1. When did you start to write poetry? How did you realize that you wanted to write?

It was 2009, I was in 9th standard and started my pen for poetry. Actually, I wanted to eruct the catharsis... The way I look upon the world, the way I think about people and society must come in light. I think poetry has a sort of taste that can help the purgation come out. Poetry is my love, my protest, my emotion where I sleep, walk, eat, and dream. Poetry is not a statement but a discovery.


2. What are your main influences when writing?

My family has had a great influence on me since I was a child. My mom is a teacher of a school and my dad does a government service. After coming from school and the office both of them start rehearsing recitation. They have also been engaged in theatre for thirty years. I'm very lucky to have a cultural family. From my childhood I listened to them, I imitated them, and also heard so many stories and poetries every day from my granny before coming to bed. West Bengal is the richest place in India regarding its culture. Rabindranath Tagore, the first nobel laureate from India in literature is my inspiration and muse.


3. What is poetry for you and what role you think it plays in people’s lives?

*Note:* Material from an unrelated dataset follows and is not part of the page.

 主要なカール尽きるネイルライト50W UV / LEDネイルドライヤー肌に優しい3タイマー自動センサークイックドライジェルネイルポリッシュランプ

For me, poetry is just like to discover a new world. I like to pen poetry by giving up the actual definition to inflect a new dimension. Poetry is an obsession and one of my daily needs. I can express reality as well as the subconscious world through it.

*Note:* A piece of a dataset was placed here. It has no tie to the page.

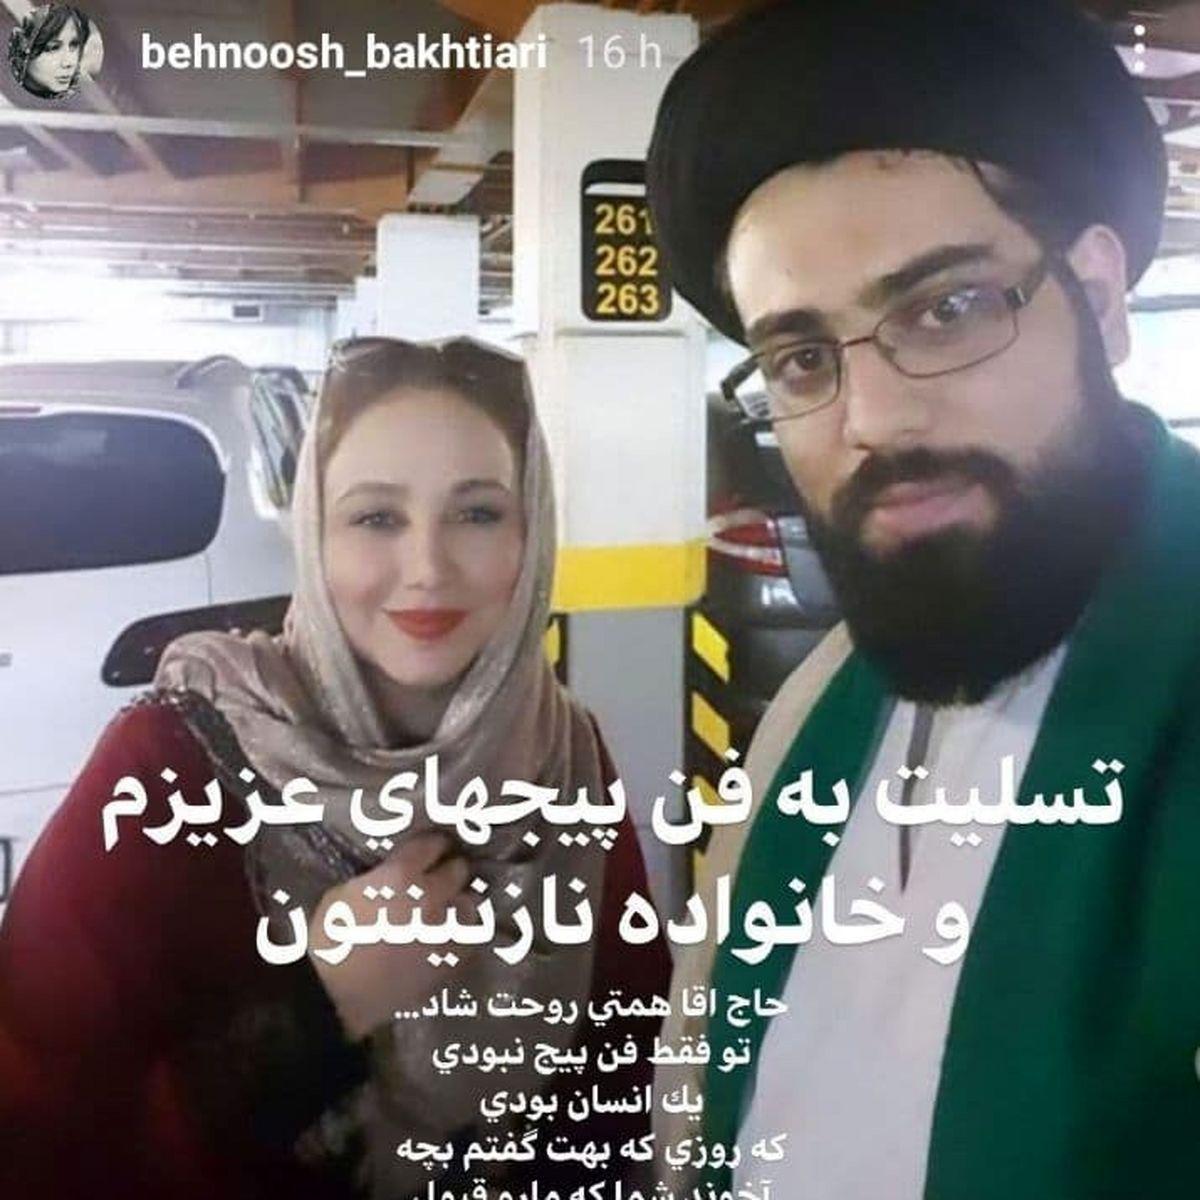 ادمین بهنوش بختیاری به قتل رسید + عکس

I think that people cherish poetry when they write. They write what they observe. Poetry is a spontaneous and critical thinking. It is not possible for everyone to express their feelings by writing poetry. Poetry needs to be worshipped and practiced like mathematics.


4. How is your writing process? Where does the inspiration come from? Who are your muses?

I basically work in deconstruction through construction. I like to write in an open-ended form. Abstract poetry is most attractive to write and read but when I play the role of voice artist I obviously choose easy poems which the mass can understand.


I've got this inspiration from the romantic poets like Wordsworth, Blake, Keats and from Jacobean poet Shakespeare also, moreover I like his tragedies... I like the way he has played with various words in his writings. I don't imitate him, but I follow his way of psychological analyses, ascribed in his characters. Apart from these poets Jone Donne, W.B. Yeats, Robert Frost, Rudyard Kipling, Sylvia Plath inspire me. I love to read English more though my ink flows mostly for my mother tongue Bengali. Rabindranath Tagore, Sunil Gangopadhya, Mallika Sengupta play a great role in me by their outstanding works.


5. Tell us about the first poem you wrote… and about the last one. How has your style evolved over the years?

I wrote my first poem in the 9th standard. I don't know if that was that a poem or a love letter which I wanted to send to my friend! Jokes apart... My first Bengali poem was published in 2016 in West Bengal (India). It was a personal poem named "Aamar Aami". And my first English poem was published in 2019, on an English journal from Bangalore(India).


The last poem I wrote for an English journal it was last night. I try to write regularly, as writing needs worship.


As I l've said, I can't remember what I've written in my first phase when I started to write. After that, day by day, the construction developed, the words get more matured. And now I'm trying to discover new dimensions in poetry.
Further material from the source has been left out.